If Ye Break Faith

This blog is dedicated to the promotion of educating about the Canadian experience of World War One. To discover who we are as a nation in the 21st Century, we must understand our past.

Tuesday, 13 December 2011

Time Keeps on Slipping

Keeping up with this site and the project it supports can be done by following our Facebook Page, and Twitter Feed.  Any suggestions, questions or comments, please forward them to me here: ifyebreakfaith@gmail.com.

Perhaps I'm just not good at self promotion.  I do believe in what we are doing, and the best opportunity to fulfil those objectives are through a campaign like AMPLIFY, but I'm much more of a writer and lover of history than a marketer, and I just can't do this alone.  So, a big thanks to the efforts made already, and a pre-emptive thanks for the continued drive to success.  Let's all work together to make this happen.

A friend of mine is relaunching his business, an executive coaching venture, and has invited me to take a look at some of his supporting documents.  For me, this is an opportunity to do some copy writing work, an exciting prospect.  To that purpose, I've been thinking a lot about the symbolic nature of his own logo, a brush painted circle.  It makes sense for his work as it speaks towards the personal journey one embarks upon to find the qualities in oneself which have been neglected to the detriment of success.  The circle, or ring, has a deep an abiding significance throughout our history, and it is along those lines that I was developing some introductory copy for my friend's site.  Of course, I tried relating some of the observations I intended to make to my project.  It works, but after a fashion.

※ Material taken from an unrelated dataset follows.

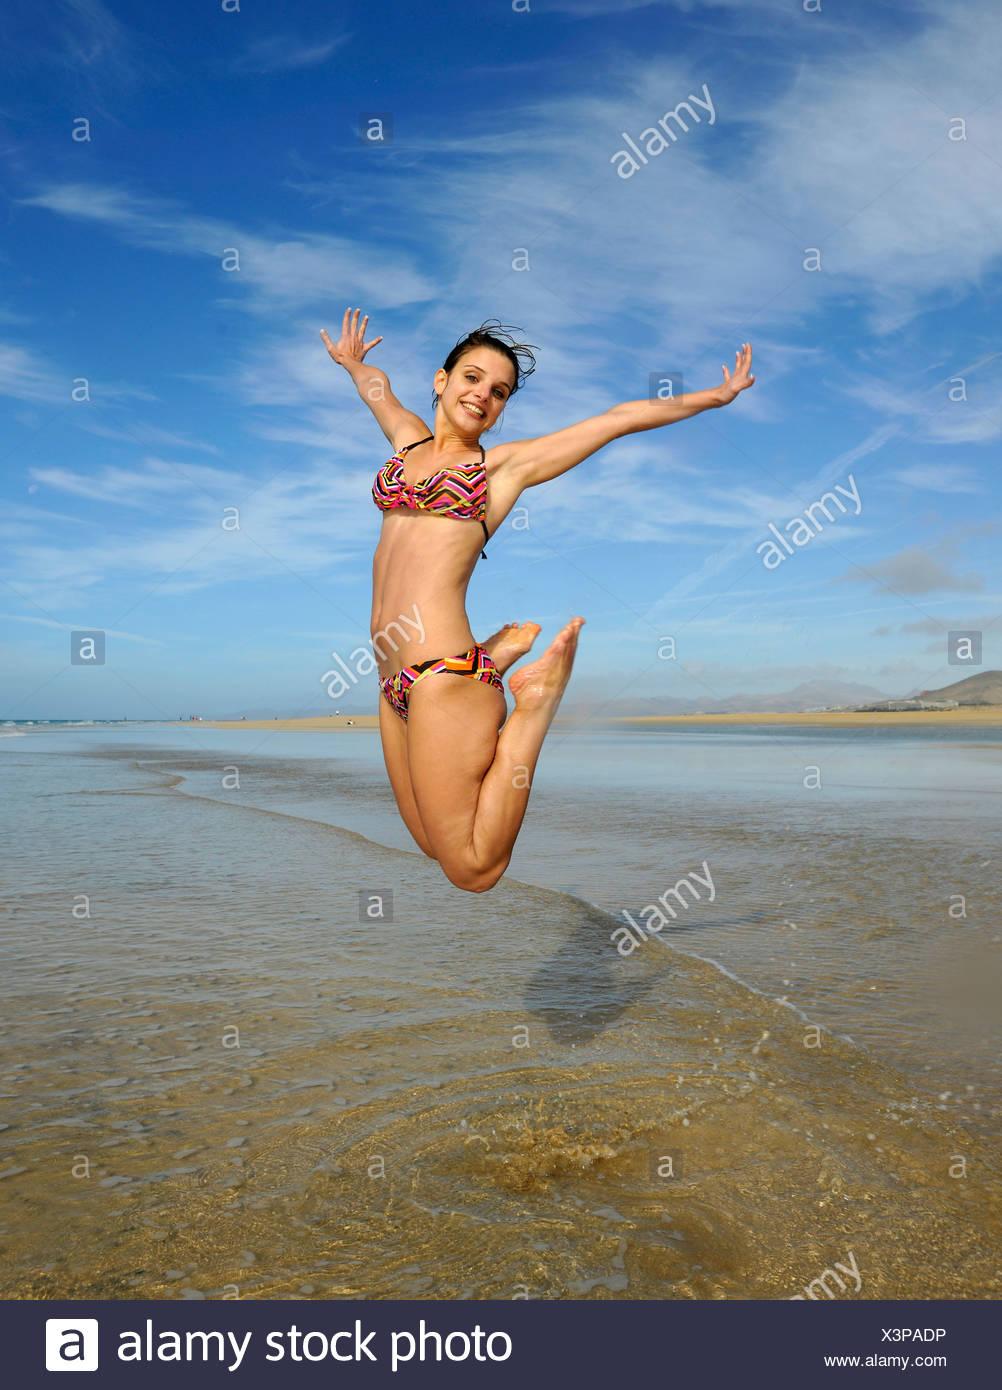 Saut dans l'air, jeune femme de la mer, image symbolique de la vitalité, la soif de vivre, la plage de Sotavento de Jandia beach Photo Stock

Time, or at least our understanding and imposed method of measuring this dimension is linear.  We are forever in the present, the past is what has happened and the future yet to be.  Exploring the theoretical edge of time in a metaphysical way, what with the expansion and eventual retraction of the universe it could possibly be circular, we just don't know it.  There is nothing we can do to alter what has happened and only a best guess can be made as to what will happen.  This is both what makes the study of history relevant and frustrating at times.  Once an event has moved into the past, we can only use what evidence we have on hand to evaluate the event and the effect it has on the present or will have on the future.  The real trick, in order to delve deep into the past to extract it's lessons is objectivity.  To say that the objective study of history is difficult is mastering understatement.  Since our own identity, as individuals, is tied into familial, cultural and social factors, we are more inclined to be subjective.  Thinking about our story, and the past that it has come out of is an emotionally driven prospect which can lead us to observe the past more perhaps as we would wish to see it rather than it actually was.  Any evidence that challenges perception of our past is often treated with contempt at first, because it threatens to take away from an identity we've made for ourselves.

British Recruits, August 1914
Where the First World War is concerned, it is still widely viewed as a conflict that shouldn't have happened, a waste of lives and money in a futile event which didn't seem to change anything.  Even writing that sentence, it mystifies me that there are those who think this way about World War One.  More than likely, they'll be people willing to talk about how much WWII changed the face of history.  I no longer point out the irony in their thinking.  My own thought is that the events surrounding the onset of the Twentieth Century, of which the most prevalent is the war come from a long and interlinked history, and has shaped the course of political and social movement in ways that are still apparent today.

It is our goal here, using the First World War as our touchstone, to best extract what lessons can be imparted from our collective story, and how best to apply those lessons to encourage a peaceful future for us all.  Time may well be linear, but the cause and effect of past events which continue to impact us should be the encouragement we need to plumb the depths of our stories to evaluate a potential course of following events.